First, read in the positive and negative words and create list variables for each.
In [ ]:
pos_sent = open("../Data/positive_words.txt", encoding='utf-8').read()
neg_sent = open("../Data/negative_words.txt", encoding='utf-8').read()
#view part of the pos_sent variable, to see how it's formatted.
print(pos_sent[:101])
In [ ]:
#remember the split function? We'll split on the newline character (\n) to create a list
positive_words=pos_sent.split('\n')
negative_words=neg_sent.split('\n')
#view the first elements in the lists
print(positive_words[:10])
print(negative_words[:10])
positive_words
In [ ]:
#count number of words in each list
print(len(positive_words))
print(len(negative_words))
Great! You know what to do now.
Exercise:
In [ ]:
#exercise code here
That's the dictionary method! You can do this with any dictionary you want, standard or you can create your own.

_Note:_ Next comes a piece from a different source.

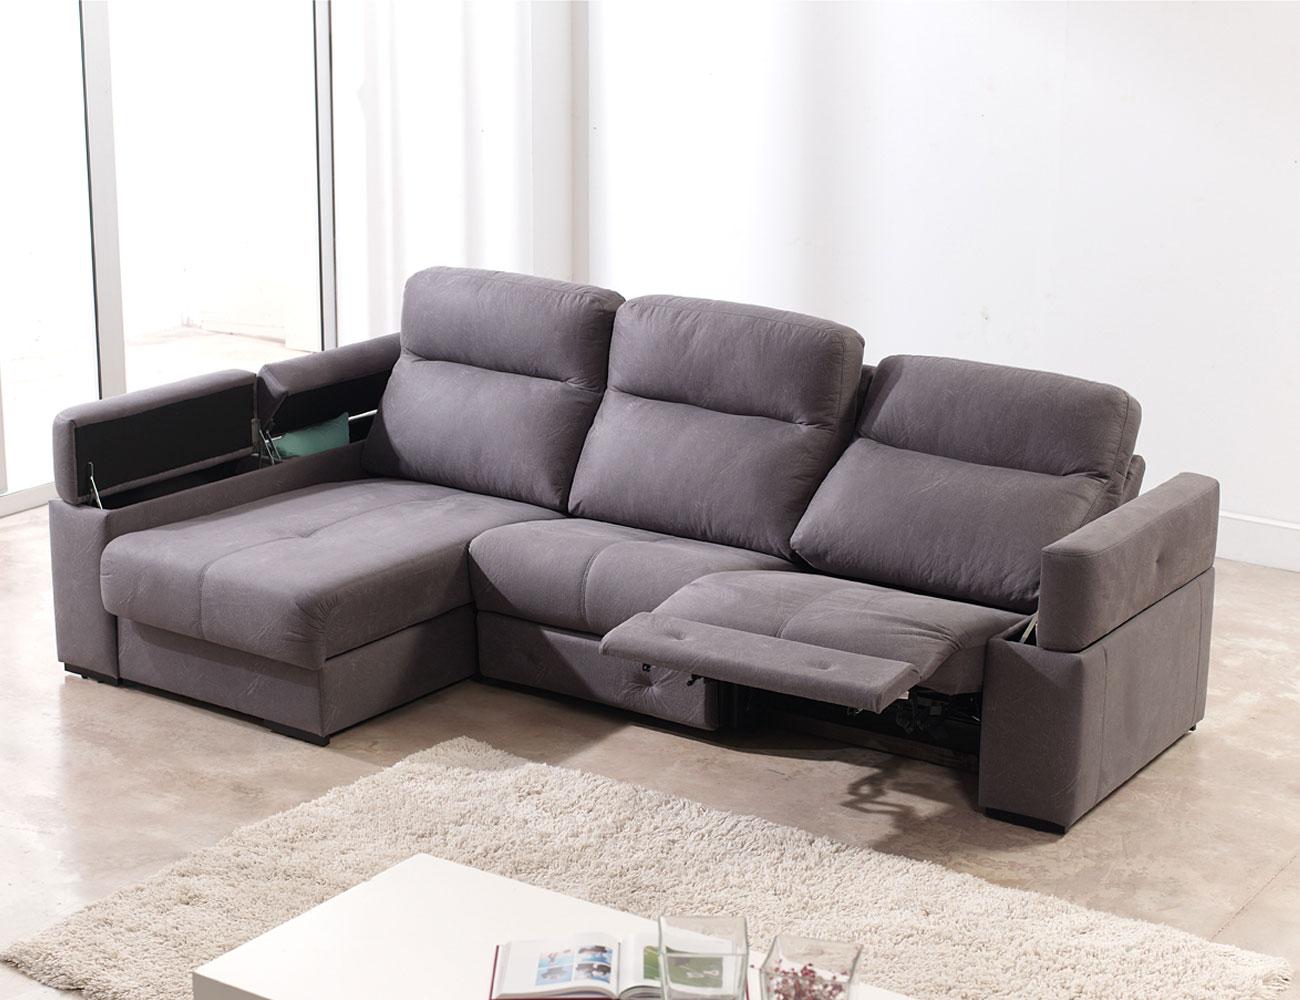 Sofa chaiselongue relax motor electrico 3 arcon 13
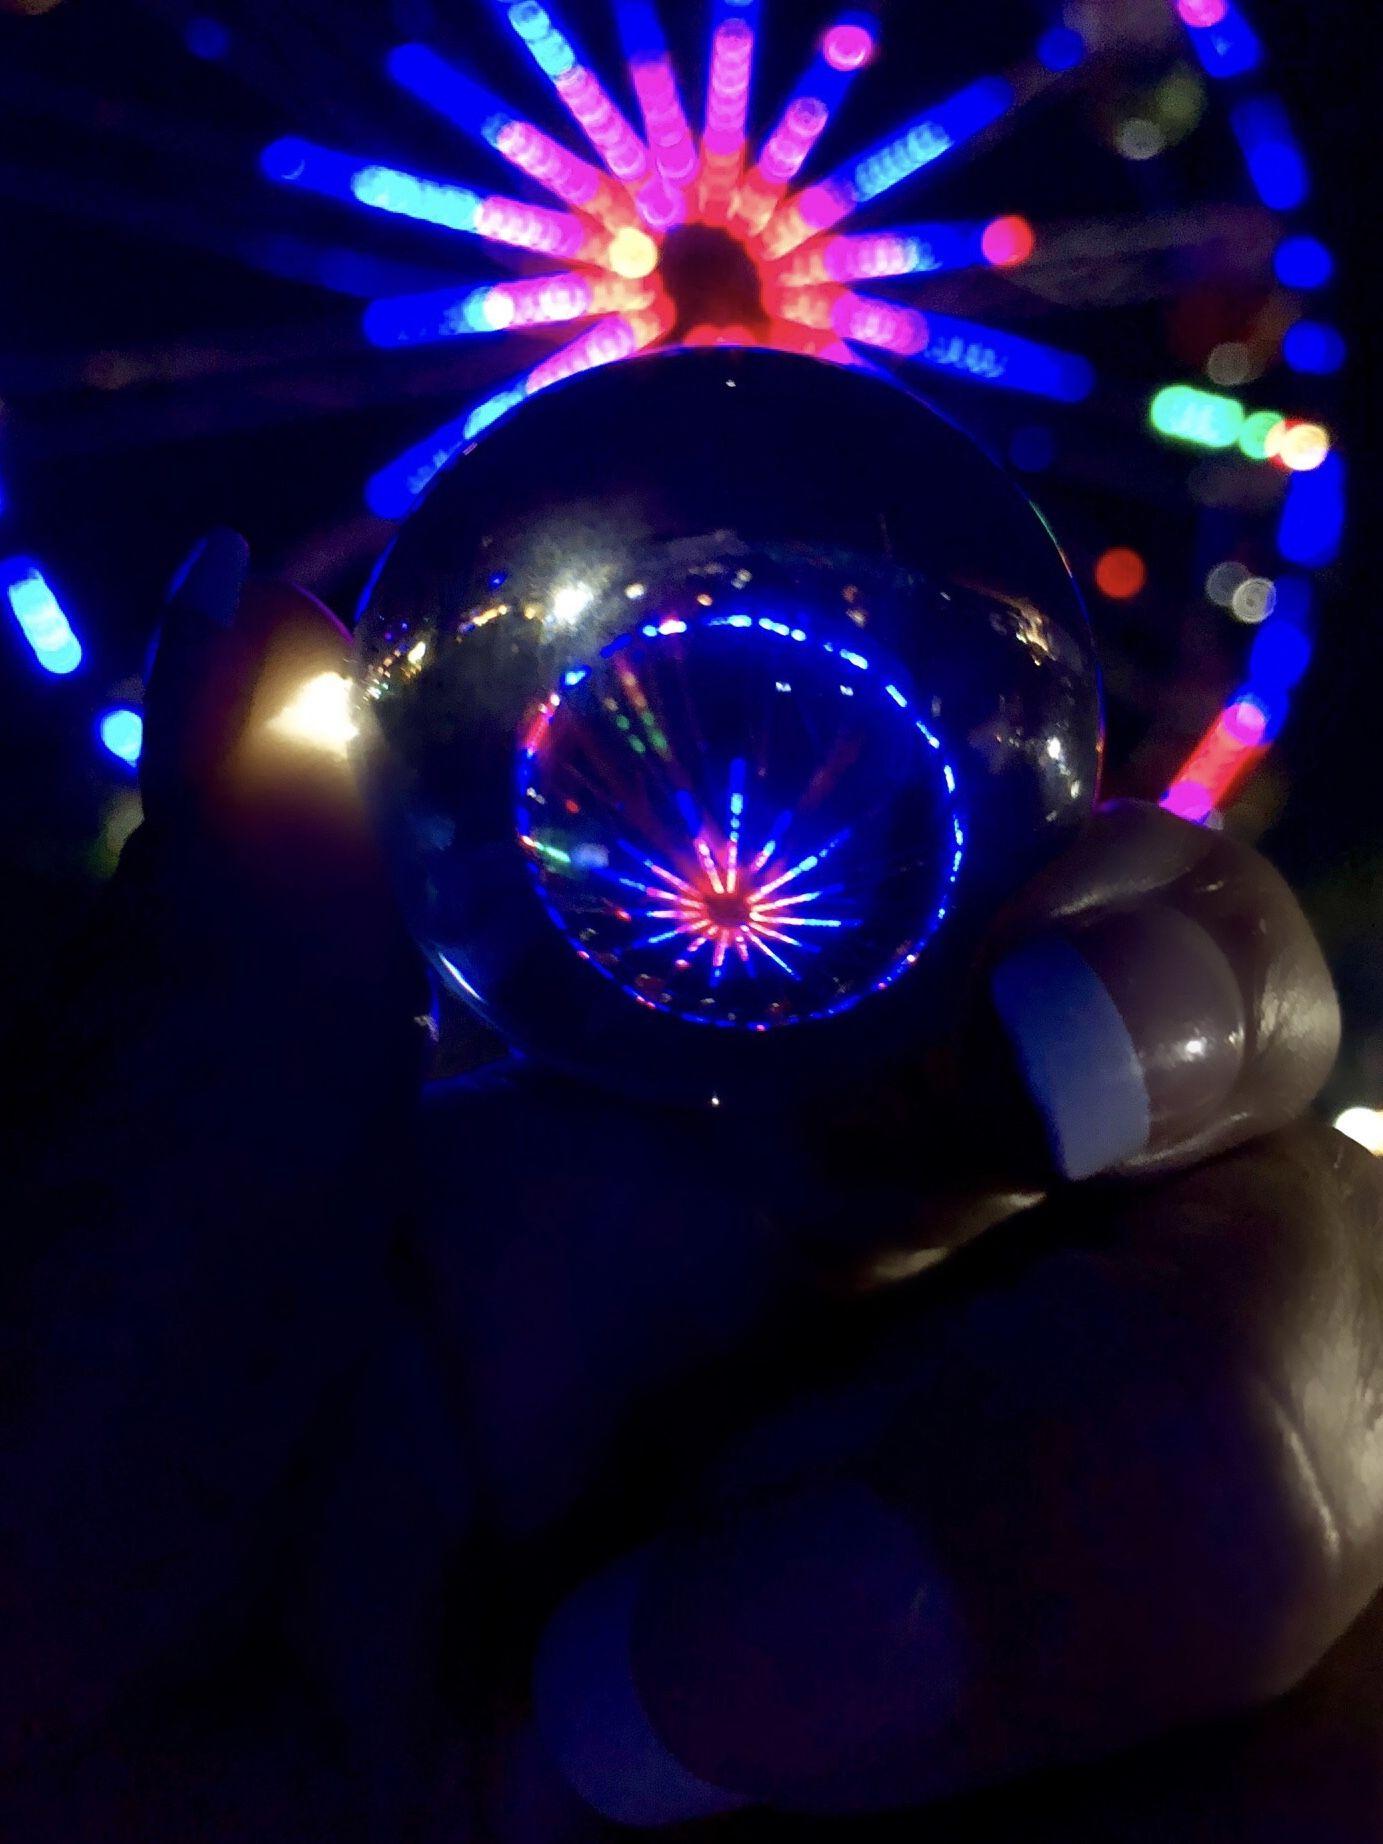 Ferris wheel in crystal ball crystals christmas bulbs

We can also do this using the document term matrix. We'll again do this in pandas, to make it conceptually clear. As you get more comfortable with programming you may want to eventually shift over to working with sparse matrix format.
In [ ]:
#import the function CountVectorizer
from sklearn.feature_extraction.text import CountVectorizer
countvec = CountVectorizer()
#create our document term matrix as a pandas dataframe
dtm_df = pandas.DataFrame(countvec.fit_transform(df.body).toarray(), columns=countvec.get_feature_names(), index = df.index)
dtm_df
Now we can keep only those columns that occur in our positive words list. To do this, we'll first save a list of the columns names as a variable, and then only keep the elements of the list that occur in our positive words list. We'll then create a new dataframe keeping only those select columns.
In [ ]:
#create a columns variable that is a list of all column names
columns = list(dtm_df)
columns
In [ ]:
#create a new variable that contains only column names that are in our postive words list
pos_columns = [word for word in columns if word in positive_words]
pos_columns
In [ ]:
#create a dtm from our dtm_df that keeps only positive sentiment columns
dtm_pos = dtm_df[pos_columns]
dtm_pos
In [ ]:
#count the number of positive words for each document
dtm_pos['pos_count'] = dtm_pos.sum(axis=1)
#dtm_pos.drop('pos_count',axis=1, inplace=True)
dtm_pos['pos_count']
EX: Do the same for negative words.
EX: Calculate the proportion of negative and positive words for each document.